Darwin and I went to see Pastor James on Friday (our premartial counselor), and was surprised when we asked him how many “sessions” we have left in the program, and he actually said we “finished” the curriculum a few sessions ago! But he was still spending time with us just out of wanting to mentor and teach us more about marriage and relationship. Well, to begin with he had no obligations to actually spend any time with us, since we’re technically not members of his church. I was really touched by his sincerity, and just his heart and passion for God’s ministry, and the gift that God has given him – to guide new families in God’s word.

 

At that moment I just thought of how many other people God had placed in my life…who has in one way or another been a huge blessing to me. Friends from highschool to university (including you LOL, huge blessing 😉 ), to church brothers and sisters, family, coworkers…people who have helped me out just out of the goodness of their hearts.

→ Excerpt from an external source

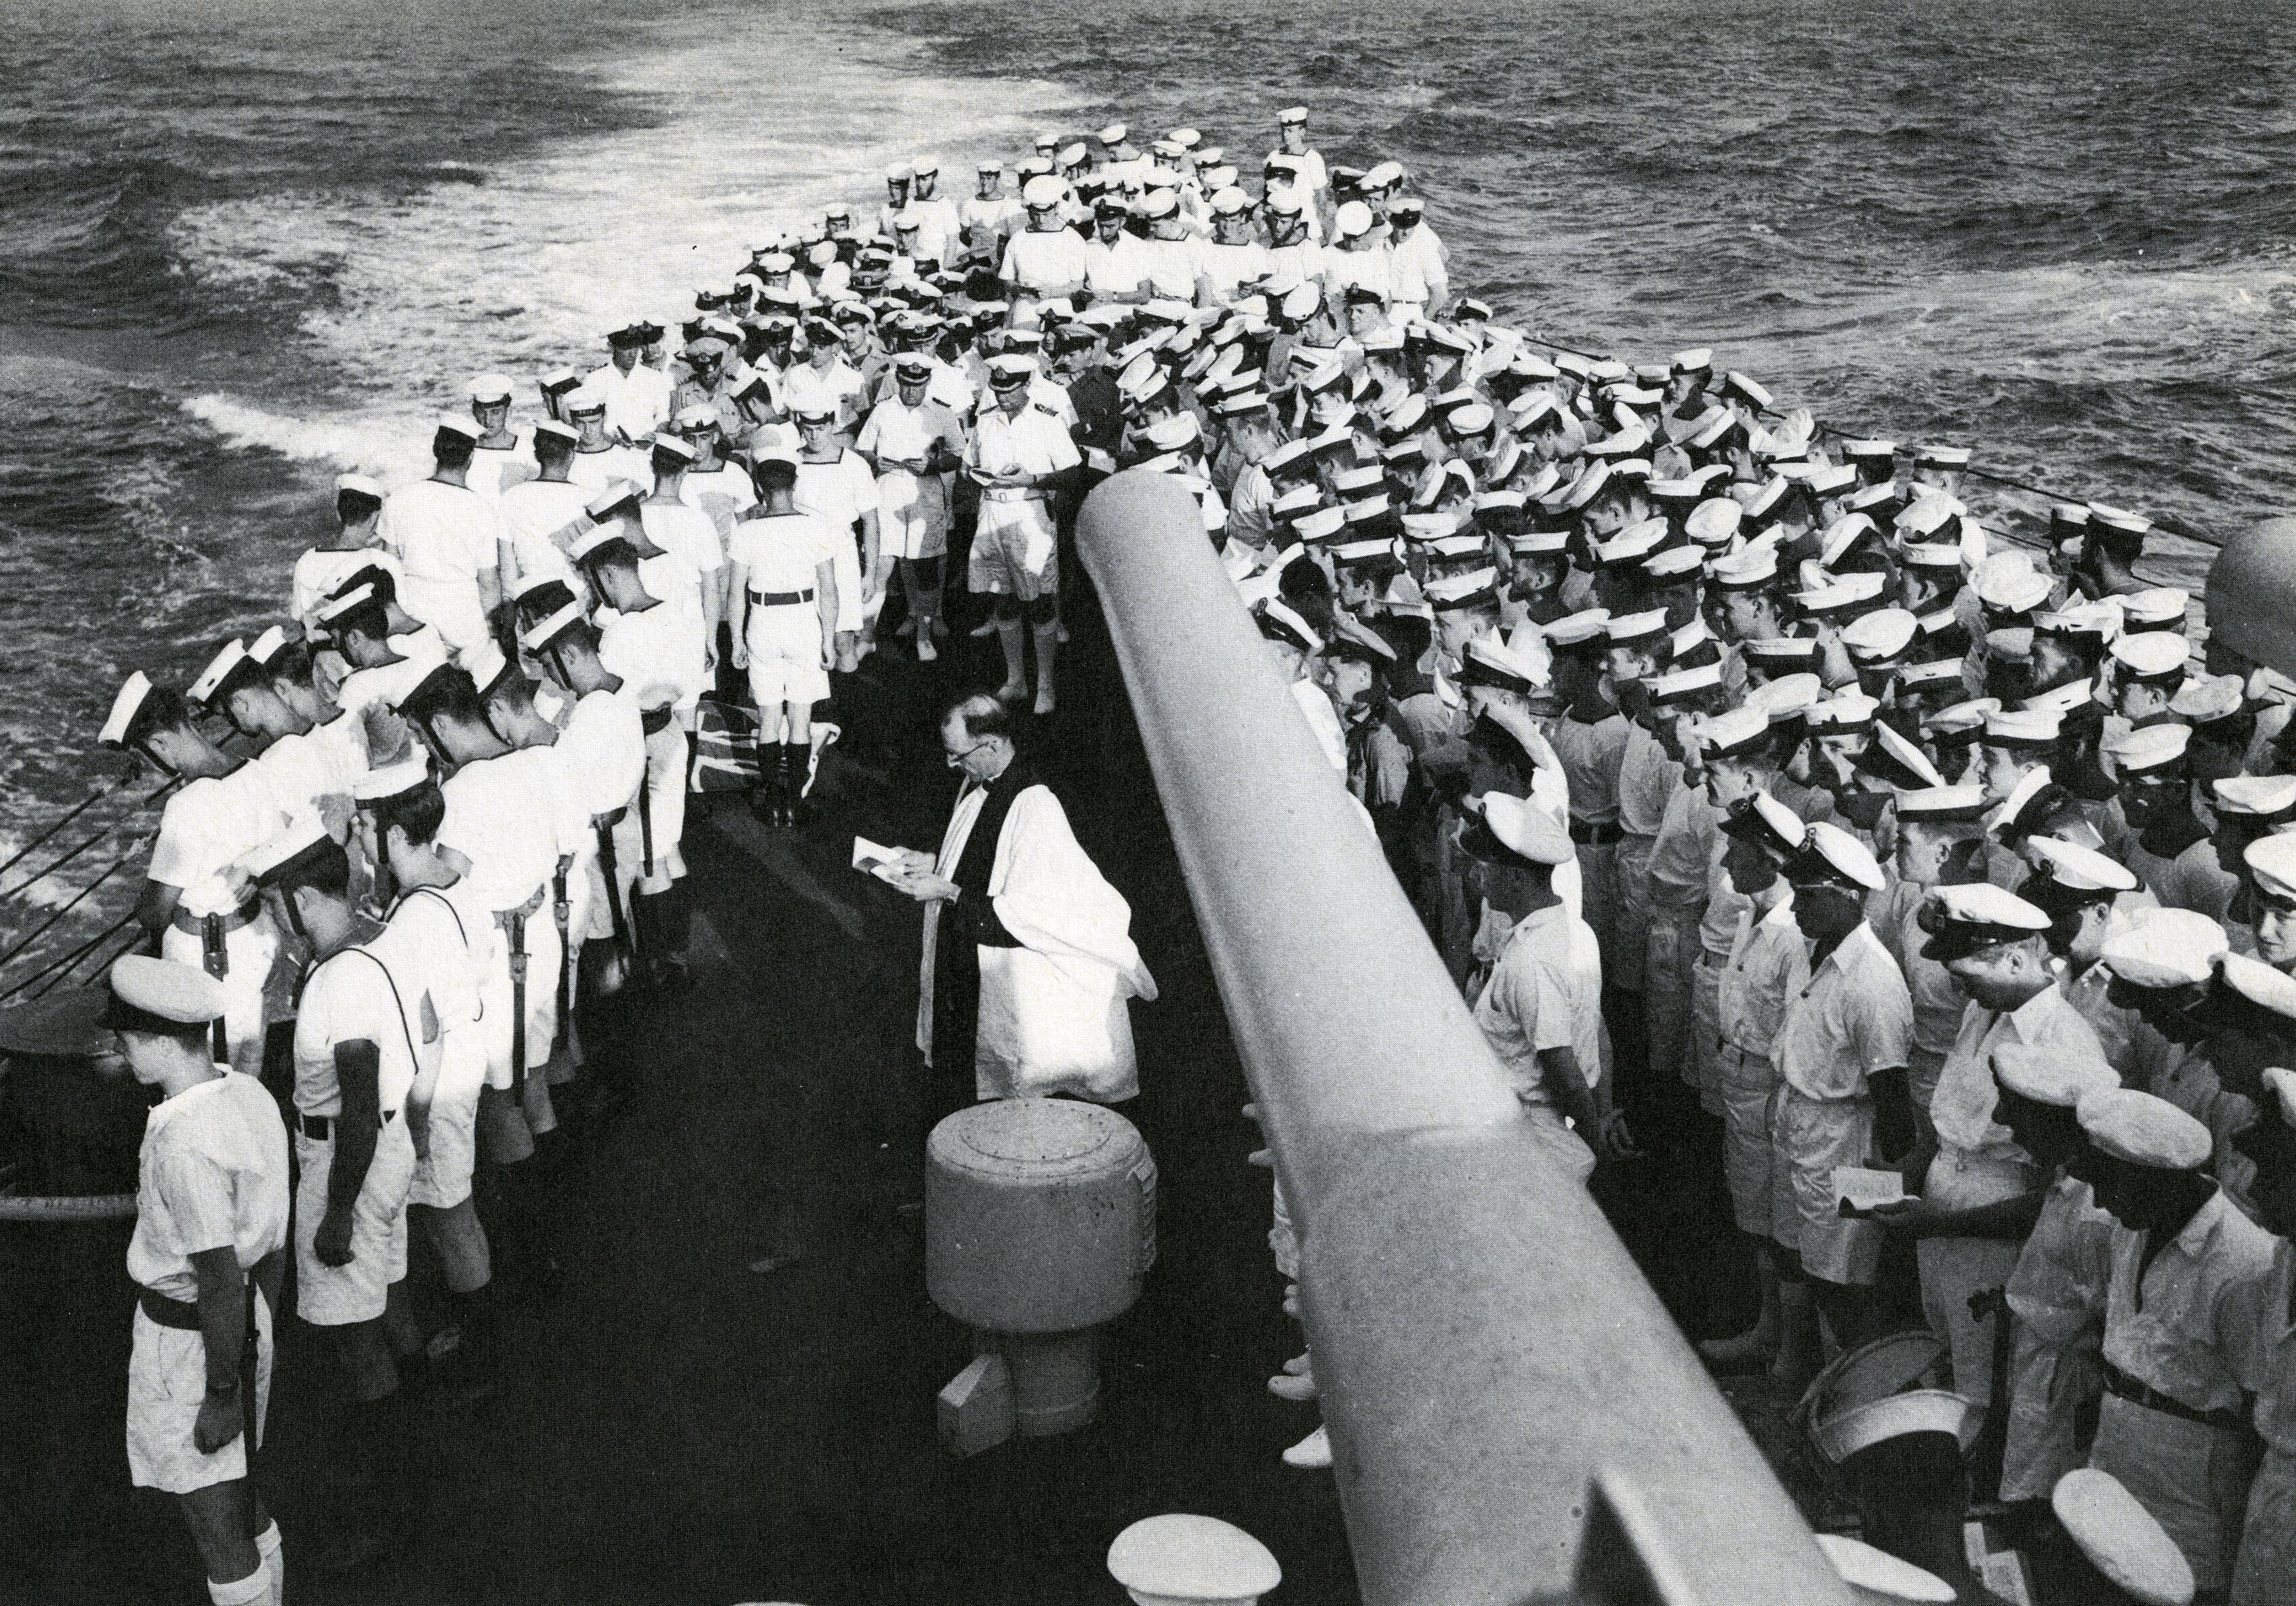 gerald milne moses_sépulture en mer, HCMS Uganda, 4 avril 1945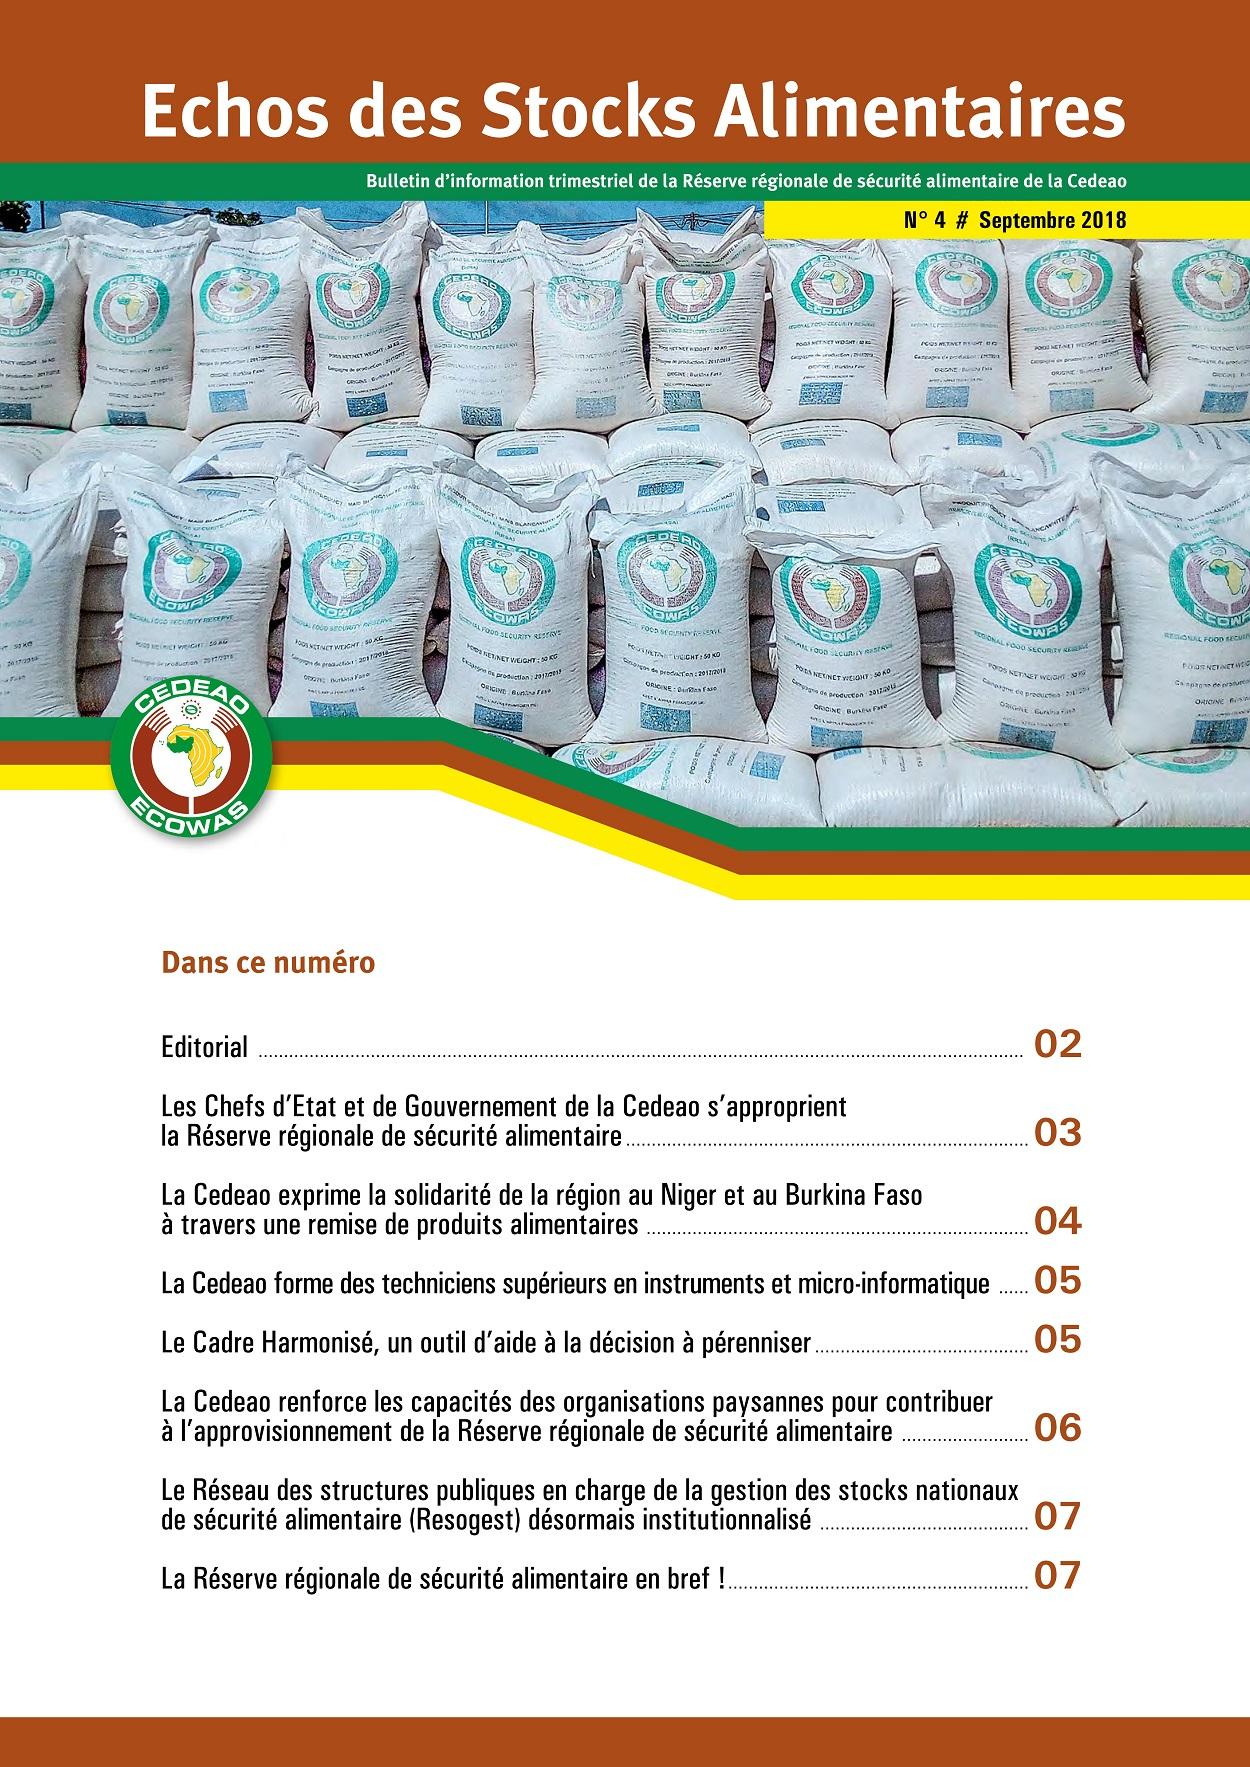 Carte De Lafrique Interactive.Communaute Economique Des Etats De L Afrique De L Ouest Cedeao

I wish I could be more appreciative, more thankful =)

 

An interesting thing that Pastor James brought up with us last night was the idea of “marriage expectations”. In fact it was the area that he felt could be a potential “concern” in our future marriage. Interestingly enough, I had been pretty upset about this problem with Darwin last year. The fact that I felt “disappointed” because he wasn’t meeting MY “expectations”, and as a result it became a big burden between us, and damaged the relationship.

 

Pastor James point – it’s good to have expectations of ourselves (ie. I want to be a better ______ to someone), but to have unrealistically  high expectations of our spouse is dangerous. Not to go into too much detail, but I find this to be so true. So often we like to have such high expectations of OTHER people, but what our ourselves? How many times have we read the bible and used it to criticize someone (even in our heads)? But that’s not the way God intended us to use the bible, not as a big stick to whack other people with. I’m guilty of that to be honest. A lot of times I’ll read verses (or other materials), and think “see Darwin should do that, the bible says so, fail”. But how come I can’t criticize myself?

 

Next lesson is about SILENCE – which I think will be interesting because I have a really tough time getting my brain to shut up. Even when I’m “praying” or “meditating”, my mind wanders and I start thinking about unrelated things. Despite how Jesus was really busy too, he ALWAYS made time to be quiet in front of God.